▸ **DATASET SECTION**:

·····

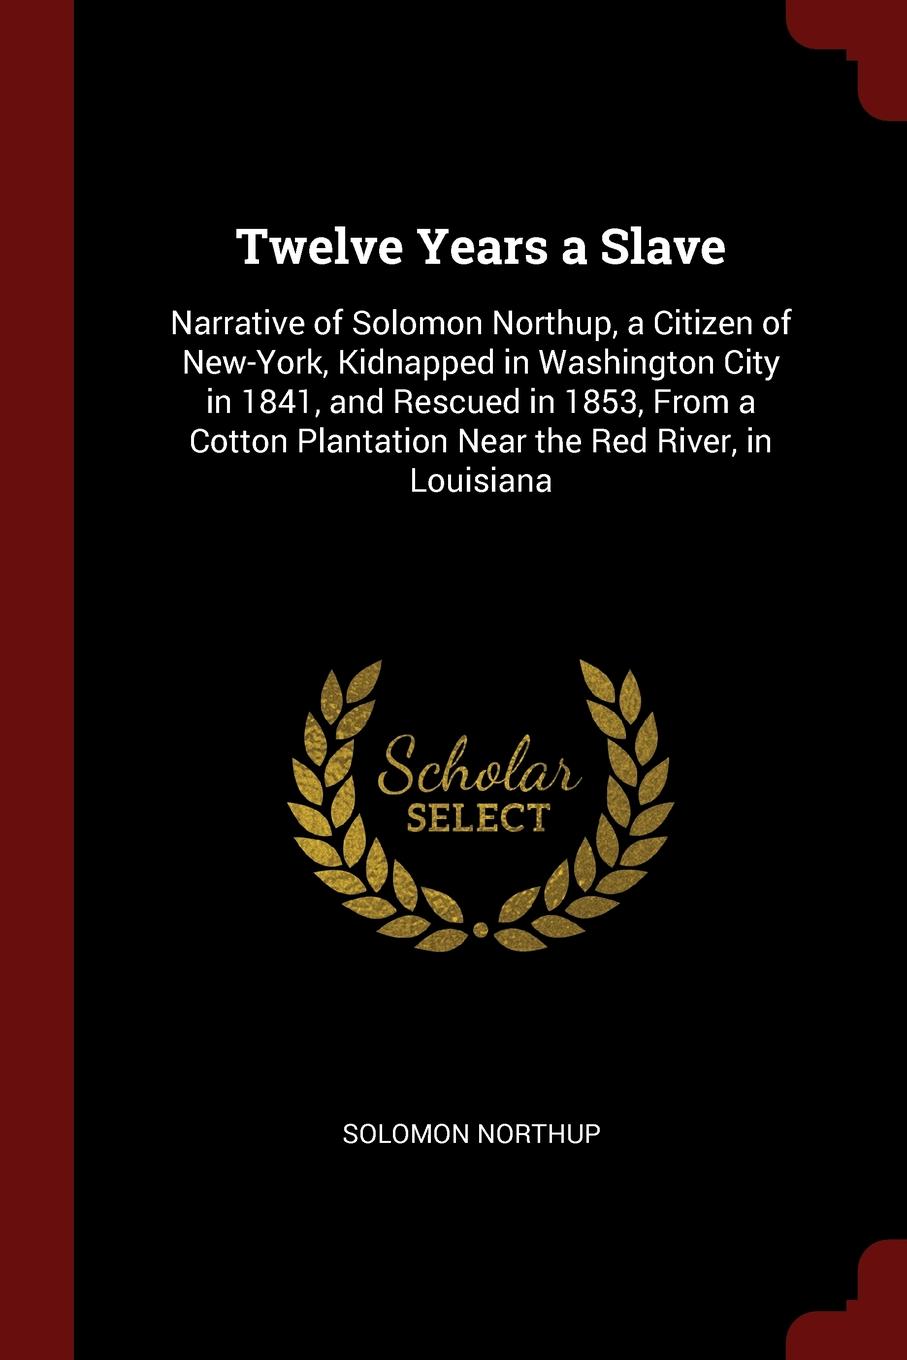 фото Twelve Years a Slave. Narrative of Solomon Northup, a Citizen of New-York, Kidnapped in Washington City in 1841, and Rescued in 1853, From a Cotton Plantation Near the Red River, in Louisiana
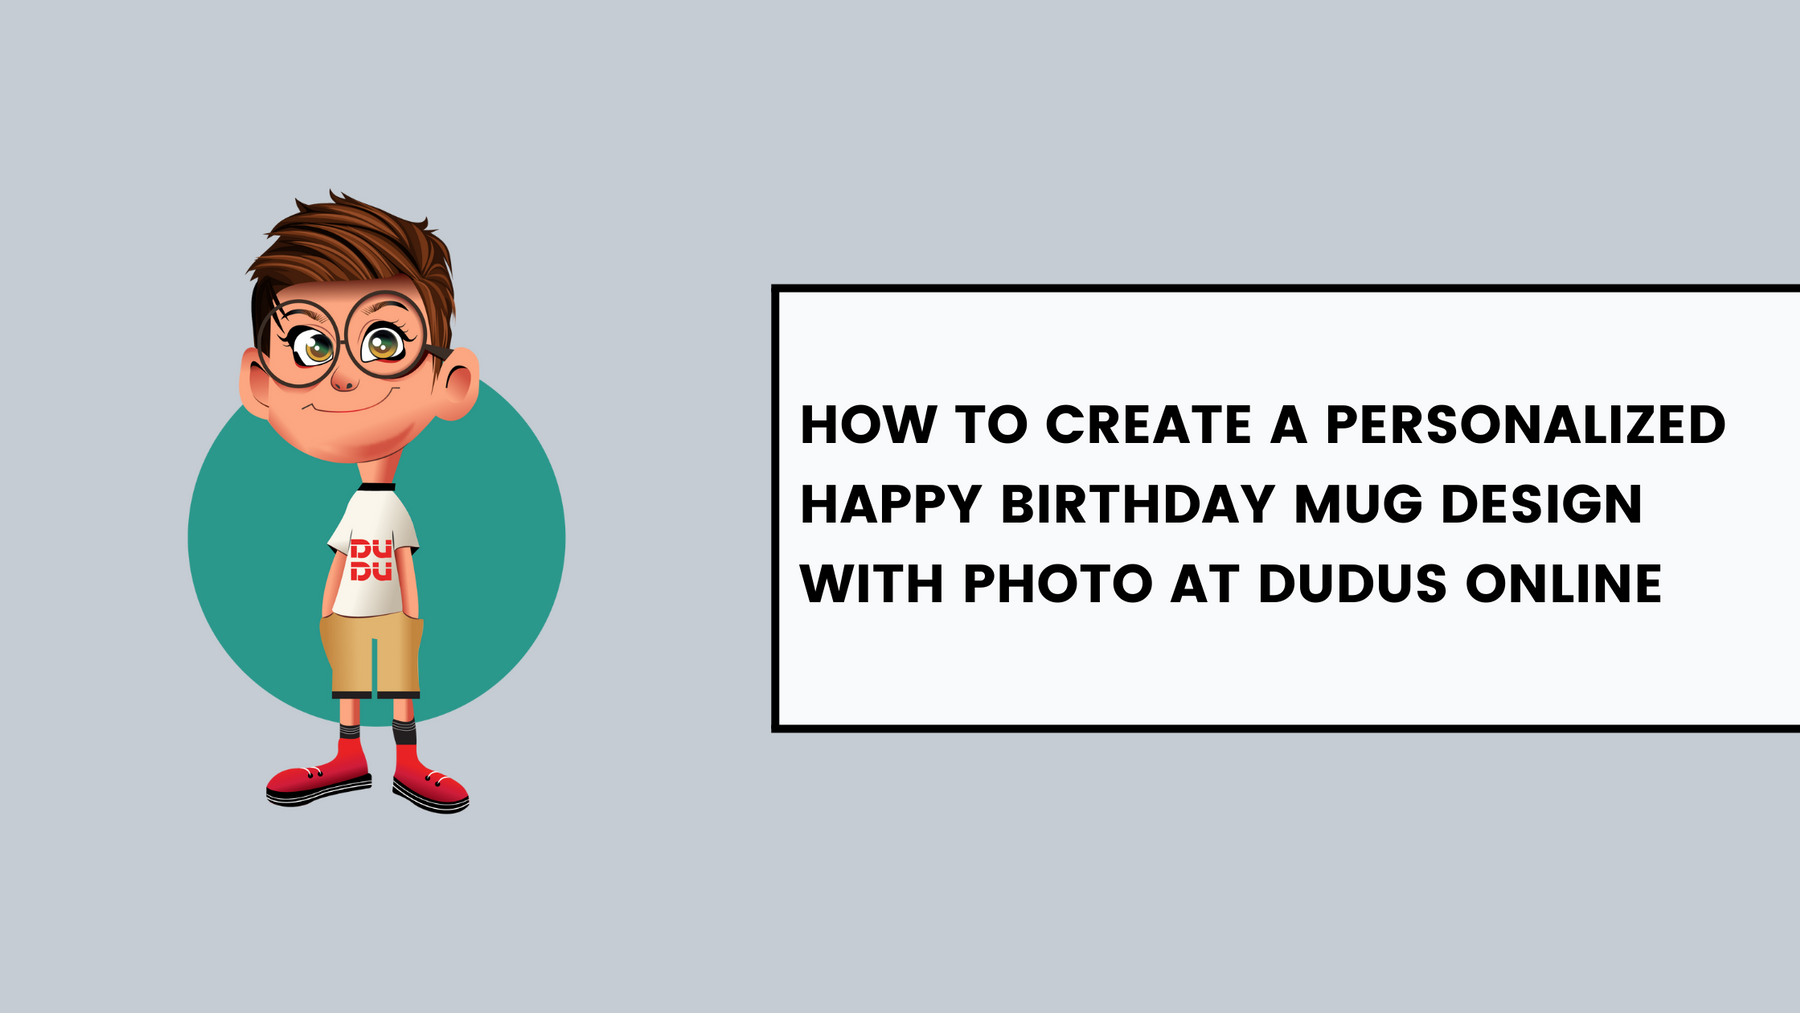 How to Create a Personalized Happy Birthday Mug Design with Photo at Dudus Online
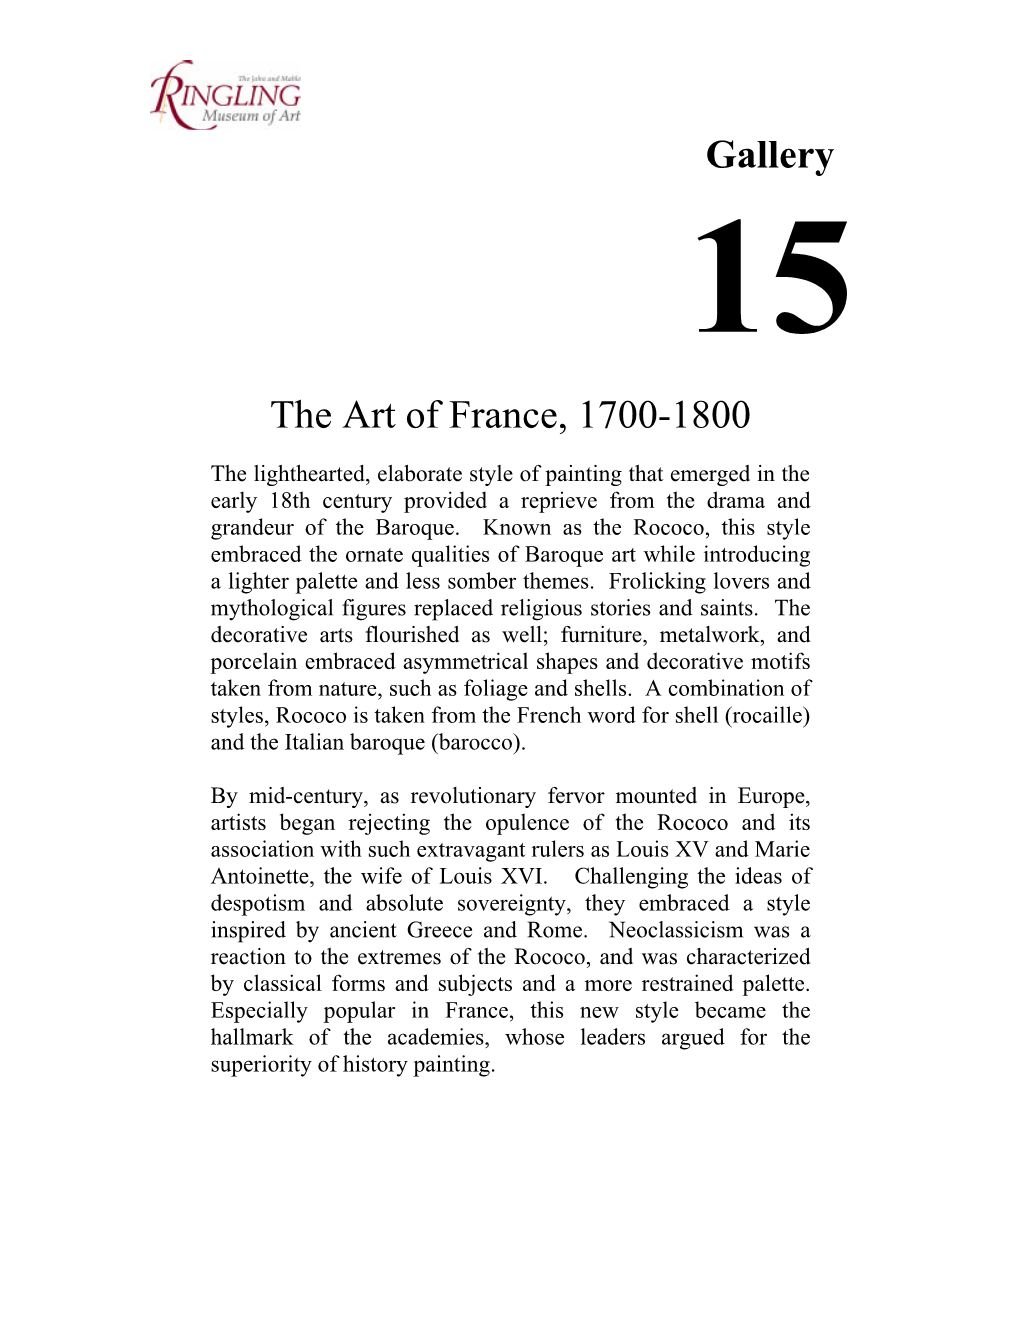 Gallery the Art of France, 1700-1800
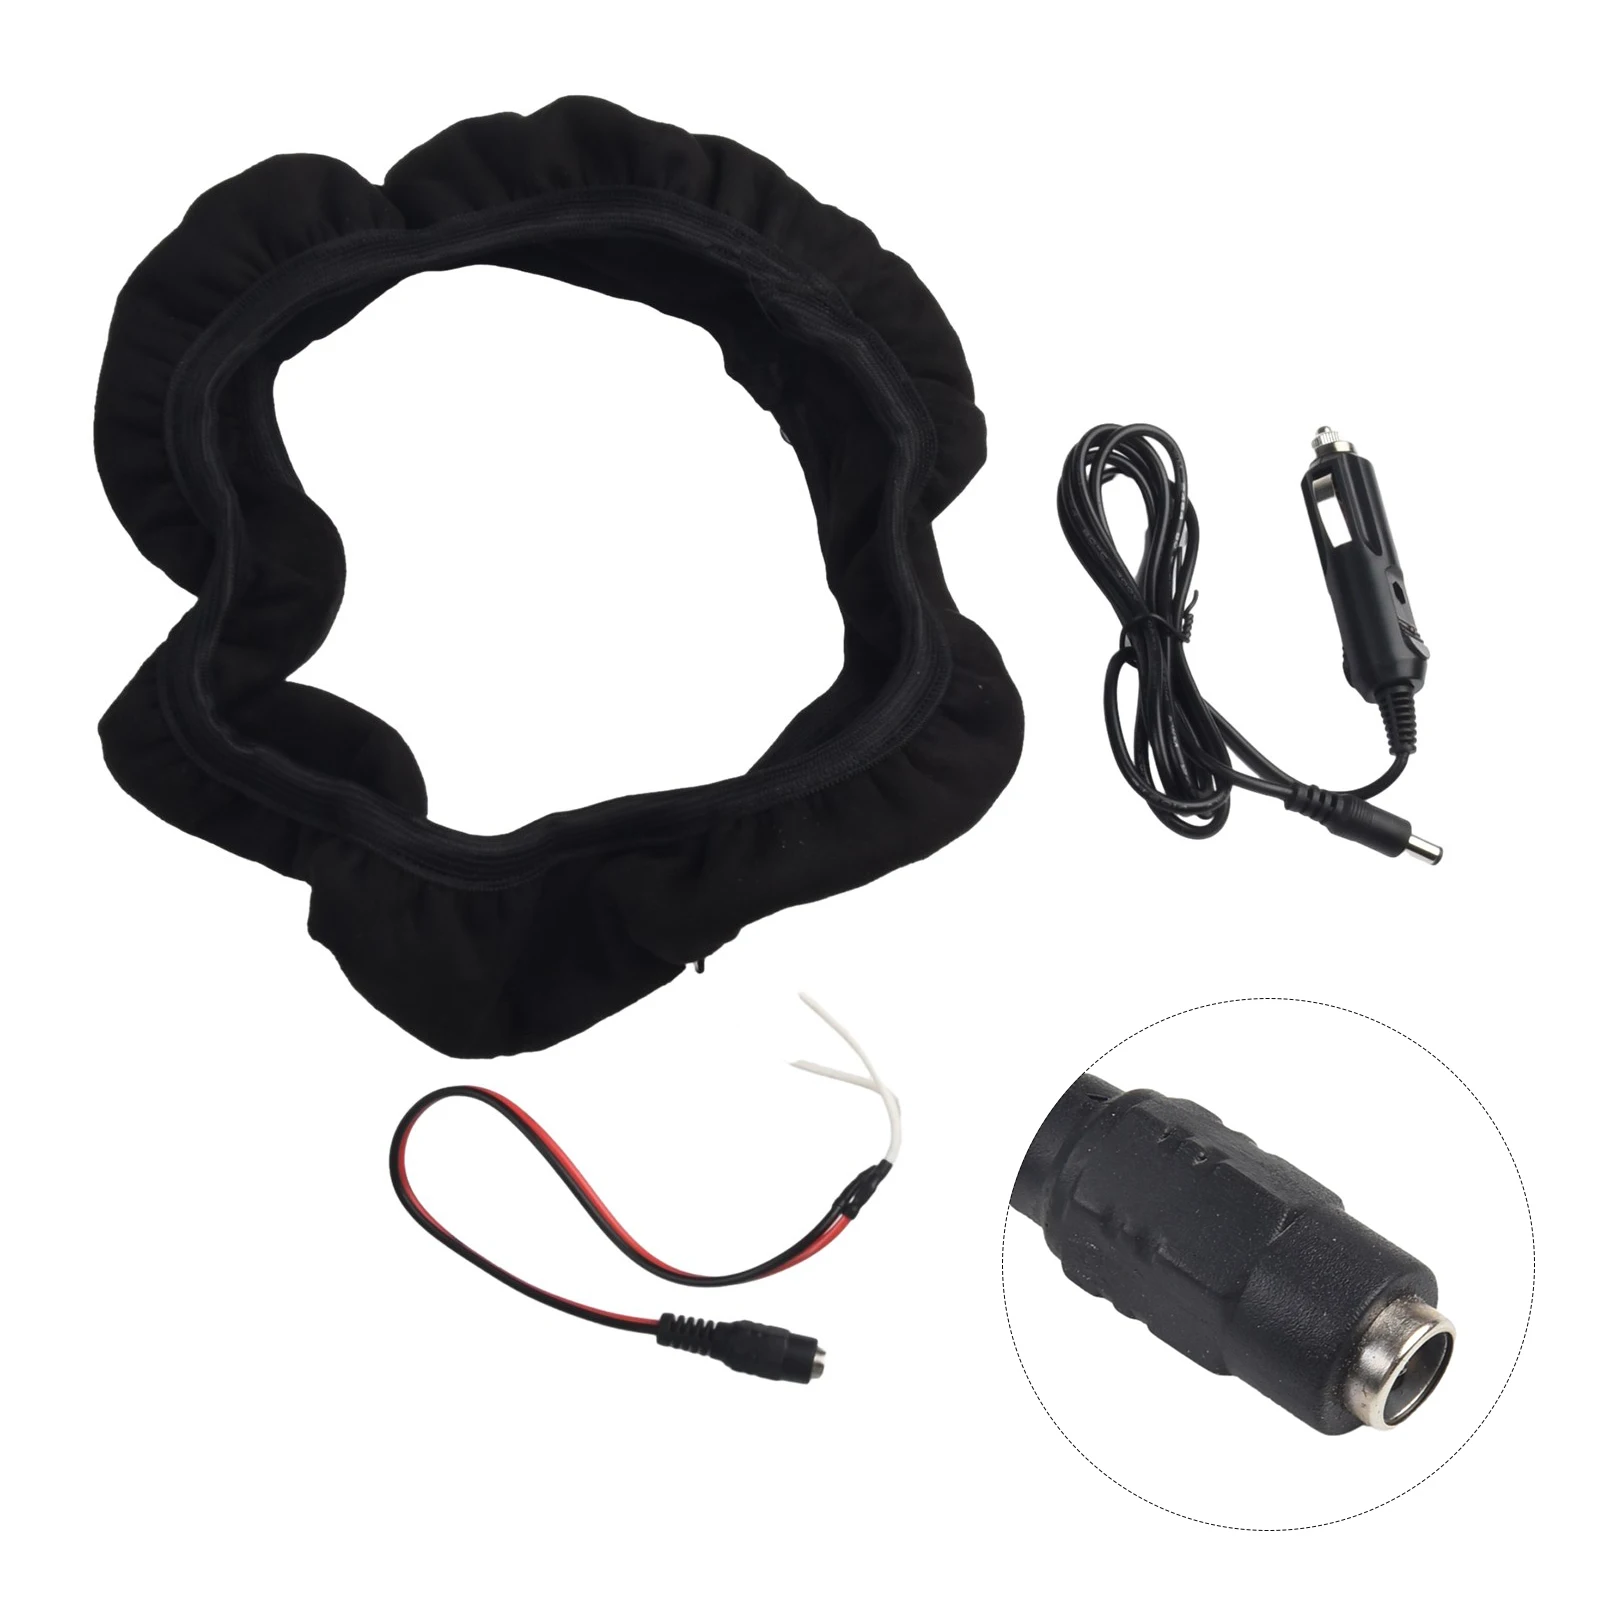 

Cap Steering Wheel Cover Accessories High Quality Hot Sale Replacement Useful Brand New Durable Practical Universal

·····

▸ **TASK DESCRIPTION**:
Leave out the pictures and return the listing exactly.

▸ **EXPECTED ANSWER**:
 фото Twelve Years a Slave. Narrative of Solomon Northup, a Citizen of New-York, Kidnapped in Washington City in 1841, and Rescued in 1853, From a Cotton Plantation Near the Red River, in Louisiana
 How to Create a Personalized Happy Birthday Mug Design with Photo at Dudus Online
 Gallery the Art of France, 1700-1800

Cap Steering Wheel Cover Accessories High Quality Hot Sale Replacement Useful Brand New Durable Practical Universal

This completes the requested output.